Where the IoT and the Physical Internet Meet

The internet is moving from smartphones and computer screens to everyday devices like parking meters, toothbrushes, and locks. Coffeepots talk to alarm clocks to know when to start brewing, thermostats talk to motion sensors, and cell phones to know when to unlock the house. Wired predicts 1 trillion devices will be connected in the Internet of Things (IoT) by 2025. The IoT, a network of physical things accessed through the internet, is fast becoming ubiquitous as the price of technology drops. In 2010, the number of things connected to the internet exceeded the number of people on earth. By 2020, there will be 50+ billion things talking to one another, reports Cisco. We’re about to reach a new era of many-to-many communication, resulting in faster resolution, access to more knowledge, and lower costs.

Yet our supply chains are stuck in an era of one-to-one distribution. Product ships from the factory to a manufacturer’s mixing center, where retailers purchase full truckloads. The result is that most manufacturers have warehouses next to one another in large industrial parks. Think of the waste as truckloads leave, with a single layer of canned goods that weigh out the truck, minutes after a truck of paper towels that cubes out leaves from the other side of the industrial park. A truckload of cans on the bottom and paper towels on the top could have left for half of the cost. Imagine the benefits if those warehouses functioned as one: the retailer could build a truckload order across all of those products.

Other industries have figured out how to leverage regionally optimized, shared facilities. Airports service multiple airlines. Passengers flow in from one carrier and sort themselves onto another carrier for their next leg. When was the last time that you booked a flight where you needed to change airports to change planes? Airlines leverage the benefits of shared infrastructure (security, food service, fuel, air traffic control, etc.) to deliver better, faster solutions to their customers.

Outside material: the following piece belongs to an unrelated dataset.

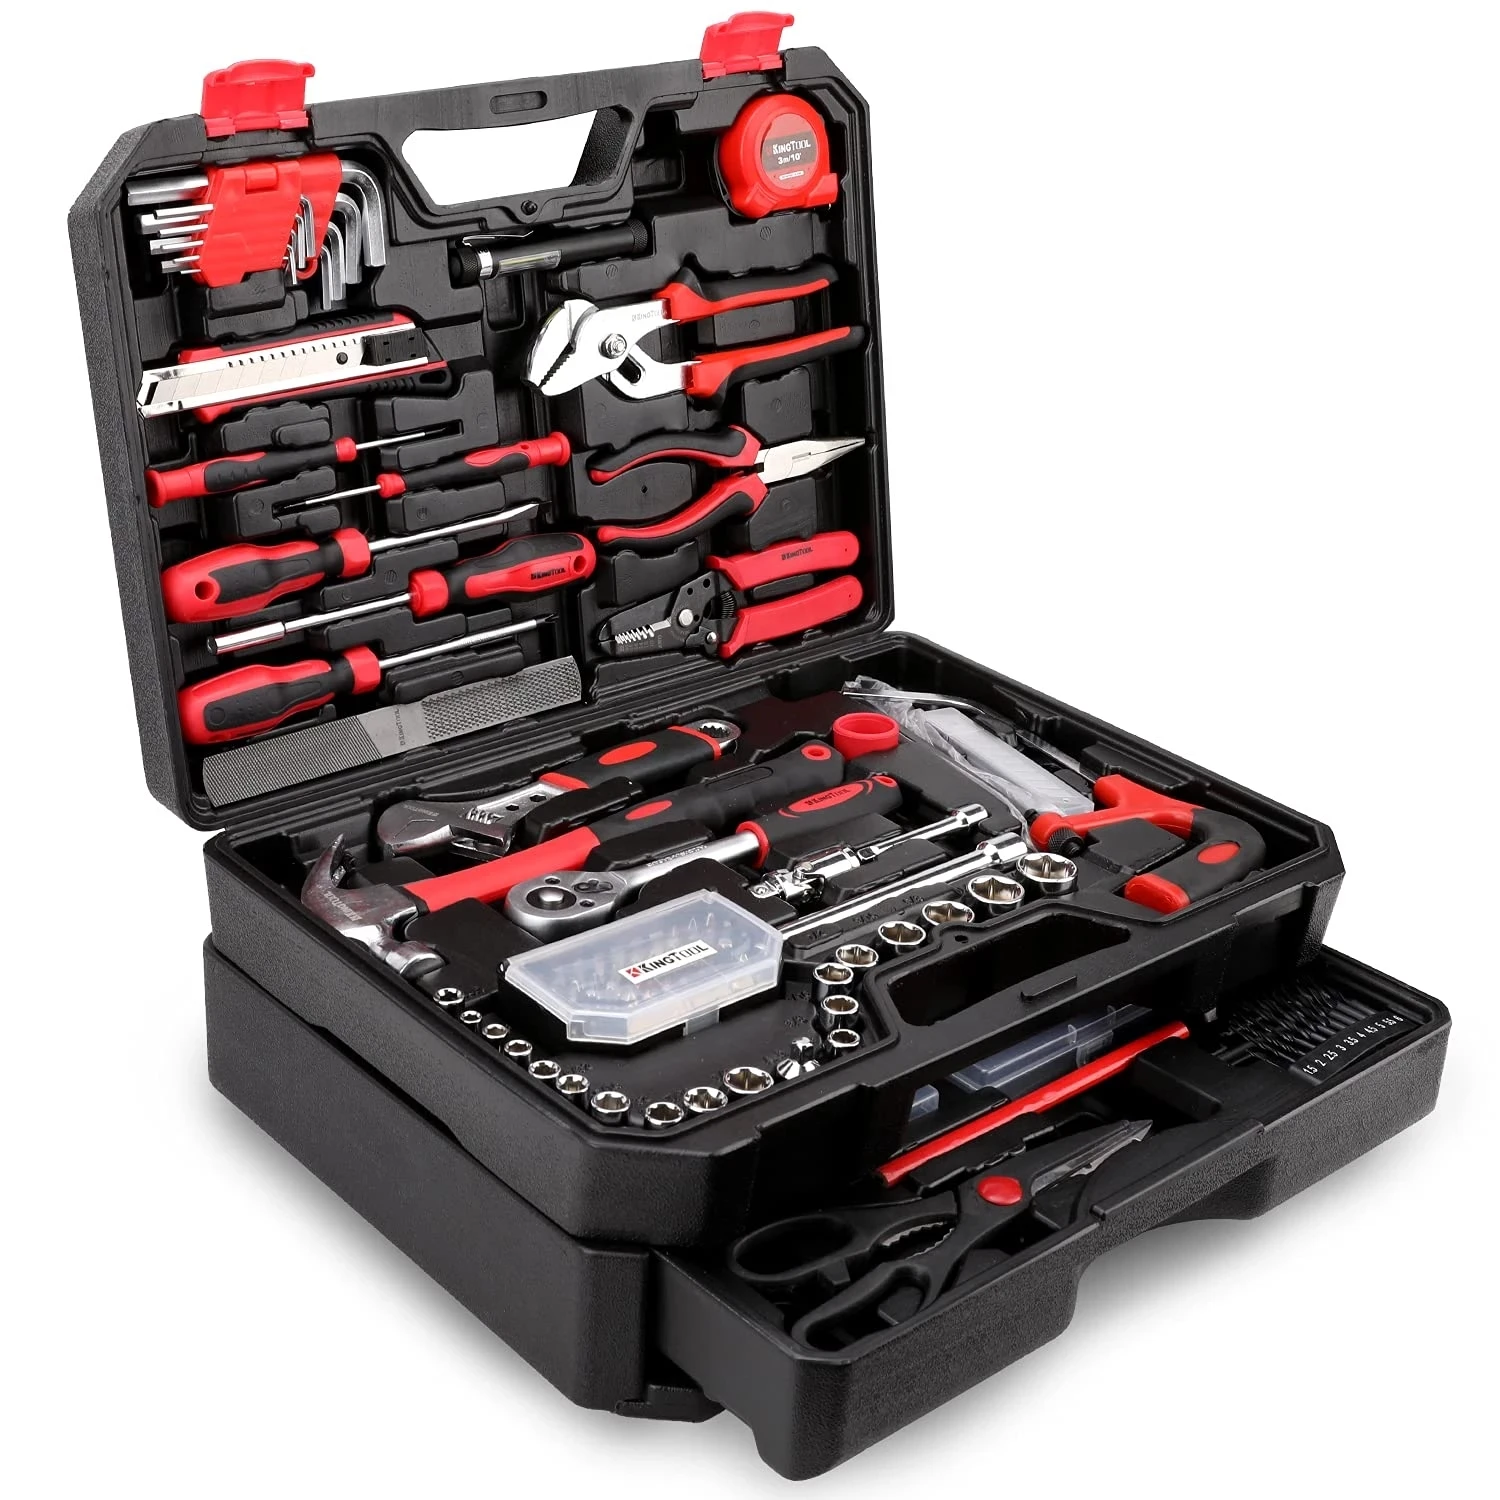 

2023 New New 325 Piece Home Repair Tool Kit General Home/Auto Repair Tool Set Toolbox Storage Case with Drawer Metal Wall Plate

The result of the many-to-many model is that trucks are optimally filled due to greater variation in product size and weight. Service is faster because scale allows products to ship daily to a retailer or last-mile collection points. Costs are lower because shared services and fewer, fuller trucks save money. Road congestion, particularly important in growing, urban areas, is reduced. This is the connected, smart supply chain of the future, and it’s here today, within the ES3 network.